The term "definite and certain" is a relative term; the accusatory instrument must be sufficiently definite and certain to accomplish the purposes of an accusatory instrument. Those purposes are threefold: notice, double jeopardy protection and statement of a crime. As the Supreme Court said in State v. Smith, 182 Or. 497, 500-501, 188 P.2d 998 (1948):
"* * * The objects of an indictment are (1) to inform the accused of the nature and character of the criminal offense with which he is charged with sufficient particularity to enable him to make his defense, (2) to identify the offense so as to enable the accused to avail himself of his conviction or acquittal thereof in the event that he should be prosecuted further for the same cause, and (3) to inform the court of the facts charged so that it may determine whether or not they are sufficient to support a conviction." (Citations omitted.)

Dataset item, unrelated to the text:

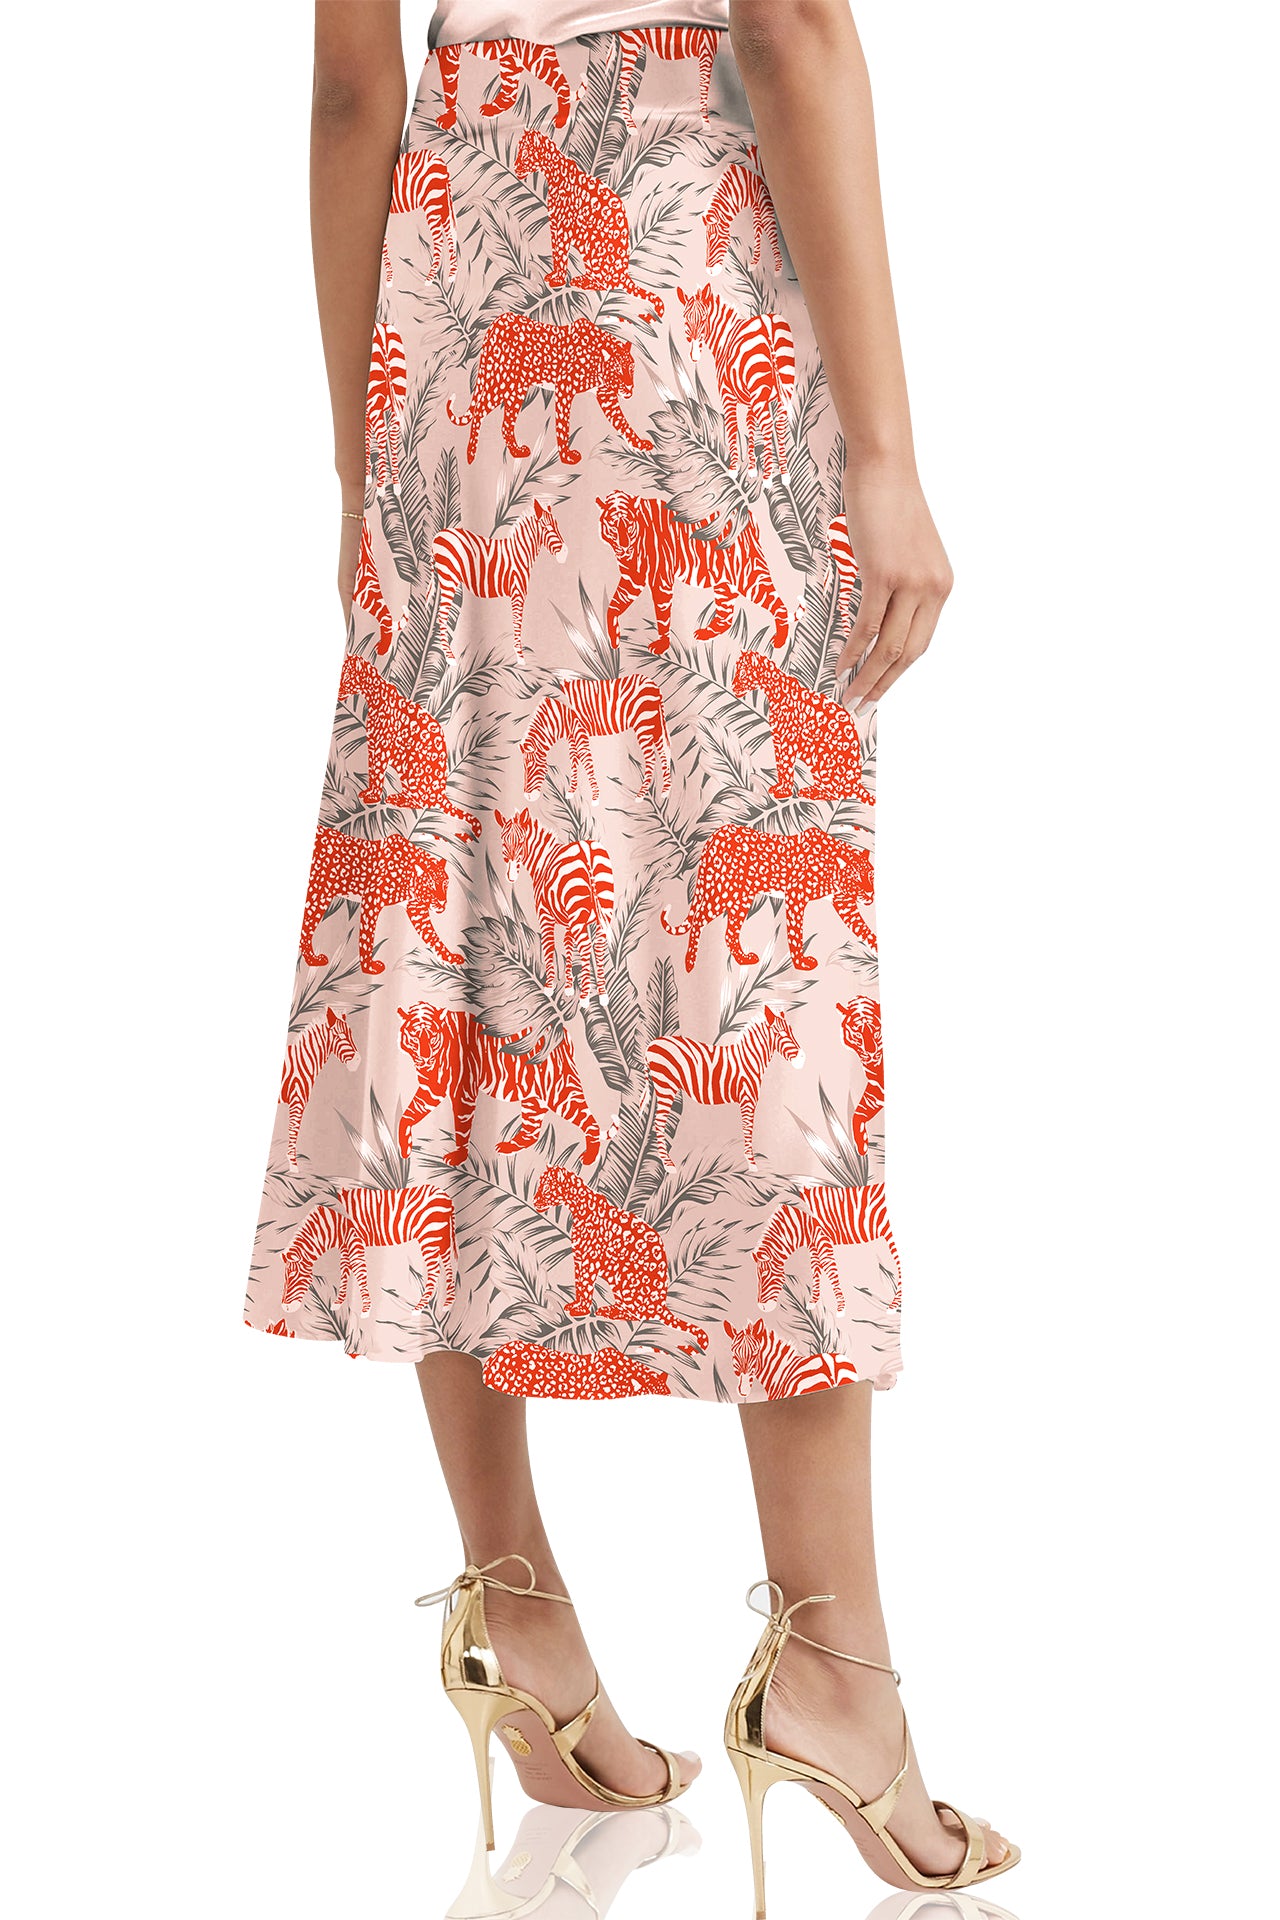 Made WIth Cupro Zebra Print Skirt In Orange
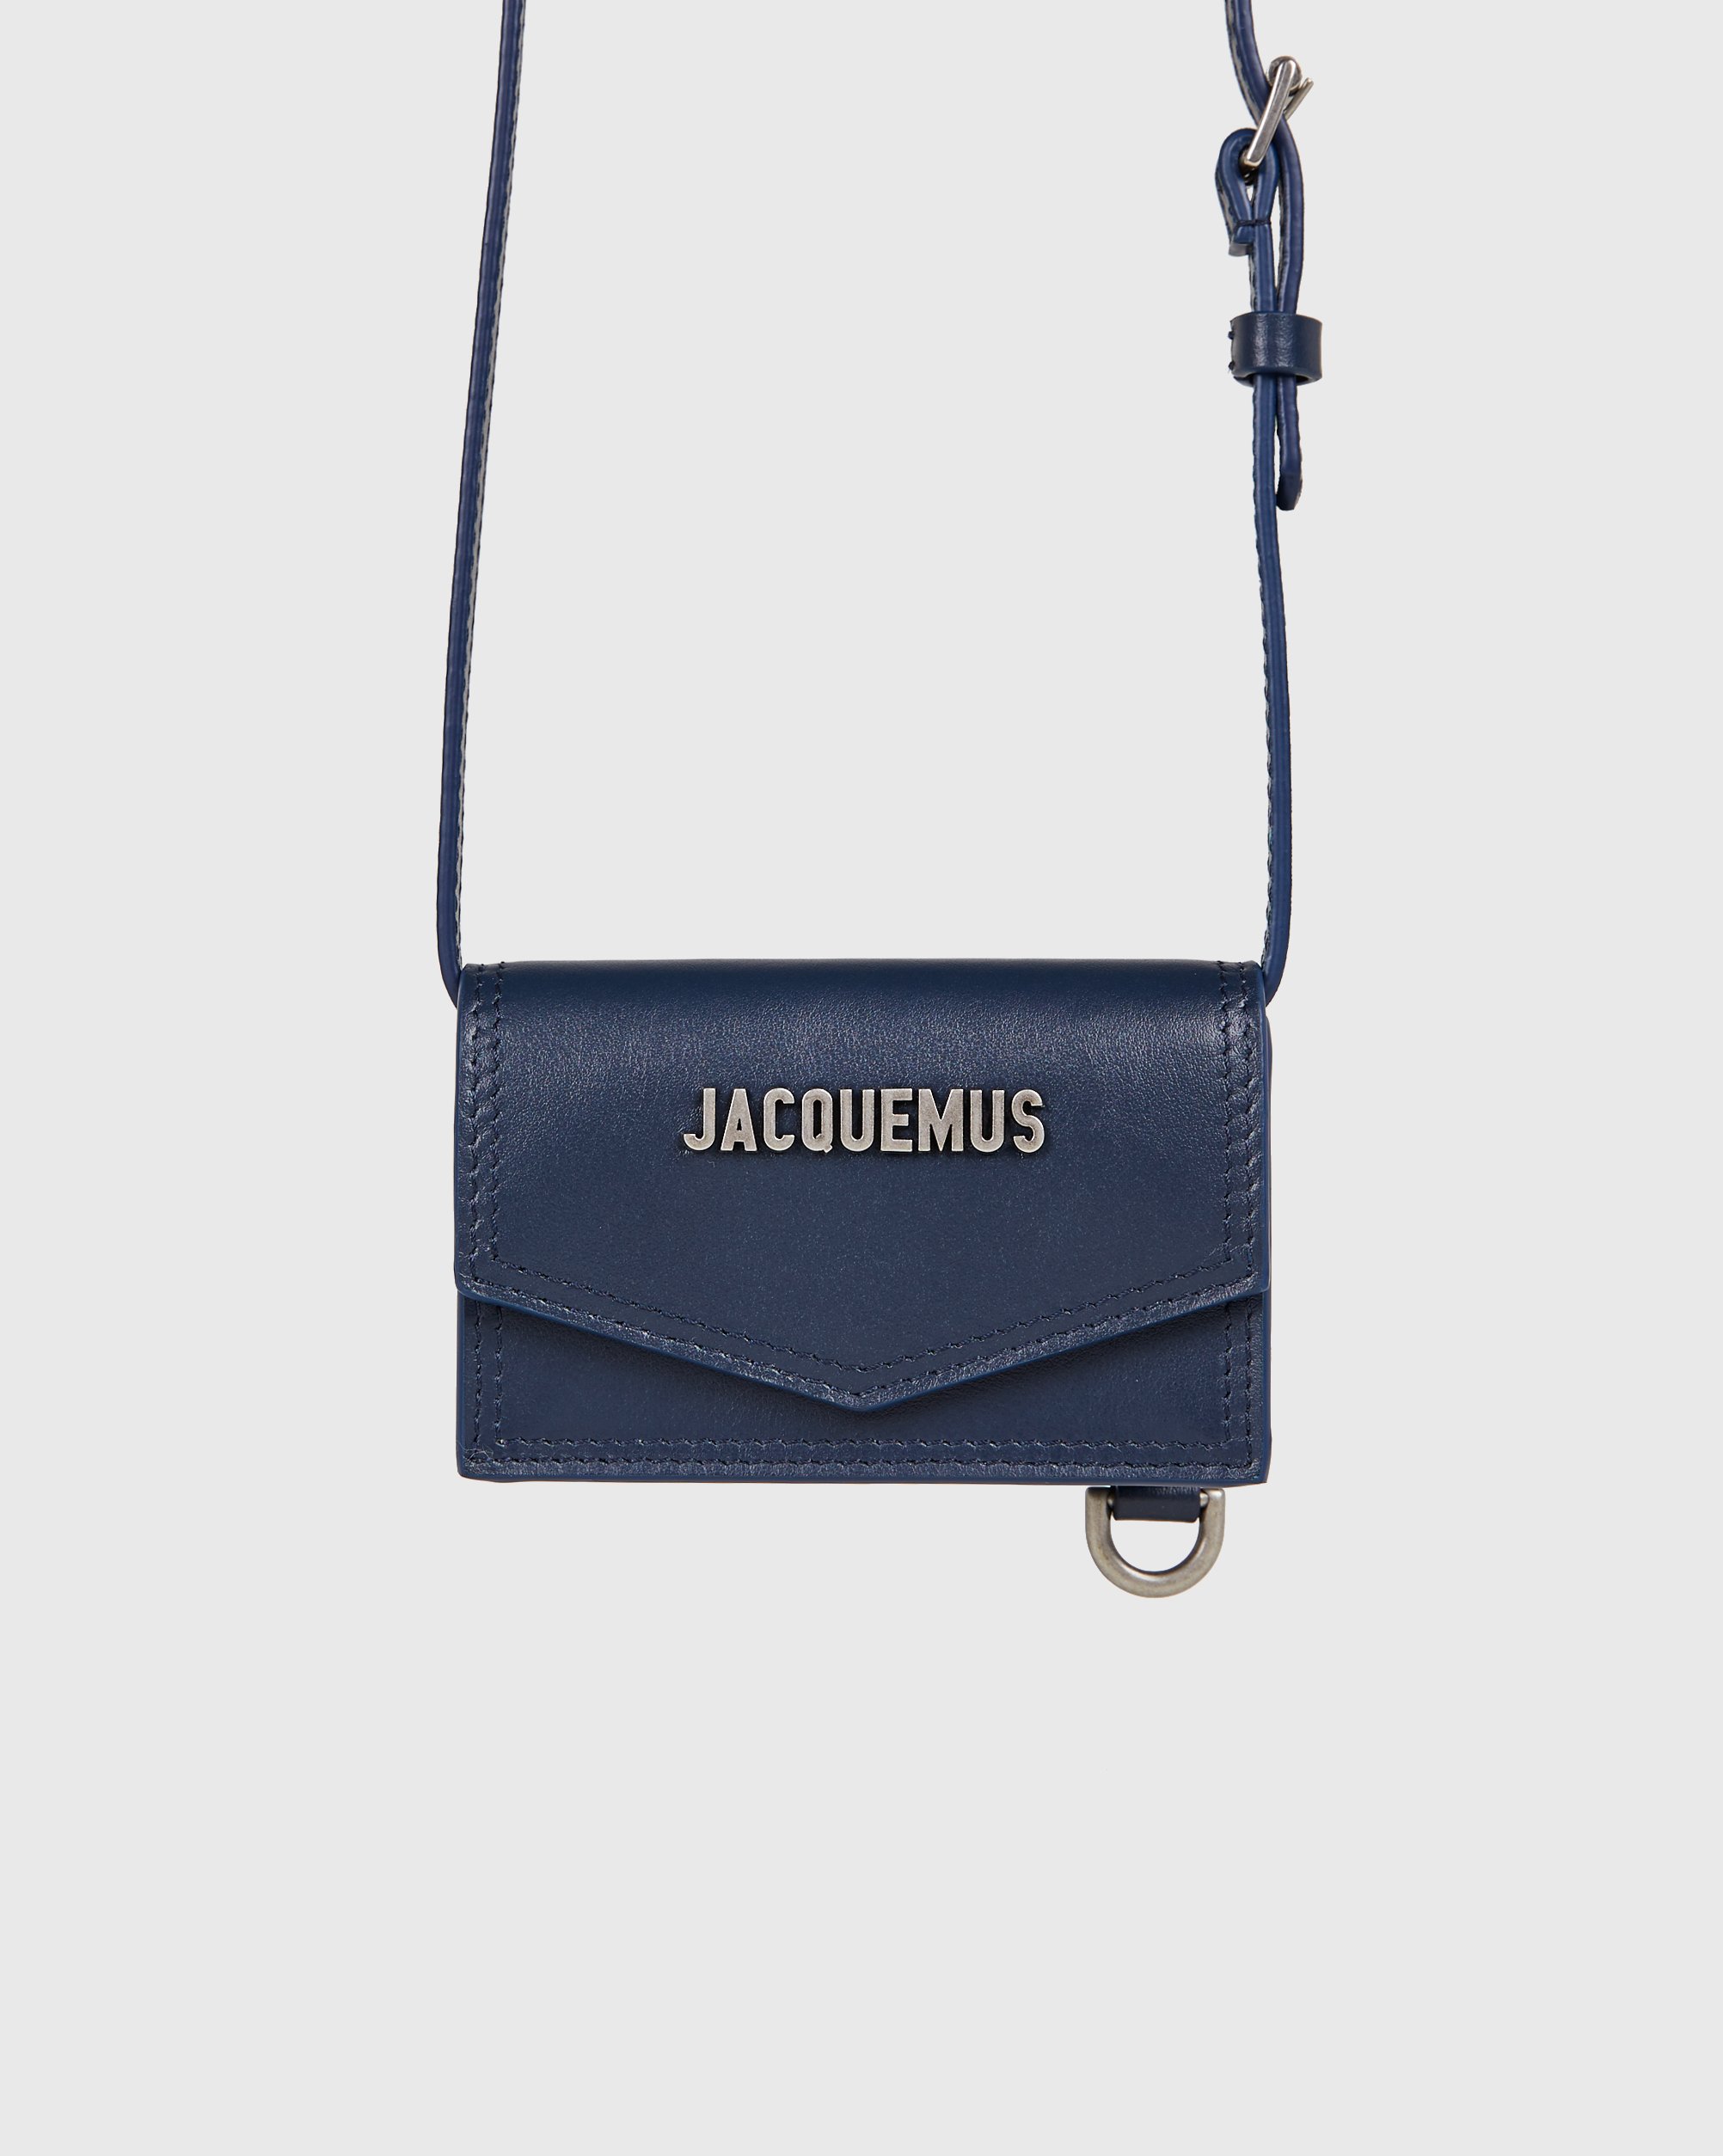 JACQUEMUS – Le Porte Azur Navy | Highsnobiety Shop

See also State v. Sanders, 280 Or. 685, 687-88, 572 P.2d 1307 (1977).
We have previously surveyed the Oregon cases on this subject and distilled the rule that an indictment in the language of the statute is sufficient to state a crime, but where statutory language is not precise it must be implemented so as to leave no doubt in the minds of the accused and the court as to the exact offense intended to be charged. State v. Jim/White, 13 Or. App. 201, 217, 508 P.2d 462 rev den (1973). Broad statutory terms are sufficient if they are further defined in the code or commentary to the code and thus made words of art with specific meaning. In such cases, general terms accomplish the purposes of the accusatory instrument: an allegation of "theft," for example, is sufficient. State v. House, 37 Or. App. 131, 134, 586 P.2d 388 (1978); State v. Jim/White, 13 Or Ap at 218-21.
This complaint is brought under ORS 166.025(1)(a), which provides:
"A person commits the crime of disorderly conduct if, with intent to cause public inconvenience, annoyance or alarm, or recklessly creating a risk thereof, he:
"(a) engages in fighting or in violent, tumultuous or threatening behavior * * *."
The statutory terms incorporated into the complaint are not sufficiently definite and certain in themselves to describe the conduct which defendant must defend against or to provide a documentary basis for a subsequent plea of former jeopardy. There is no statutory definition of the terms which we may incorporate into the complaint by reference. The explanation in the commentary does not enable us to regard the words as terms of art. Rather, the commentary says simply:
"Paragraph (a) is directed at conduct within the traditional common law concept of breach of the peace." Commentary, Proposed Oregon Criminal Code, § 220 (1970).
The commentary, therefore, explains the general terms by reference to another general term, "breach of the peace," which, had that been pleaded, would require additional factual allegations for sufficiency.
Therefore, because the words of the complaint standing alone or by reference to the code and commentary, fail to specify the conduct which the state alleges to be forbidden by the statute, the demurrer for lack of definiteness and certainty was properly sustained.
For these reasons I would affirm the sustaining of the demurrer.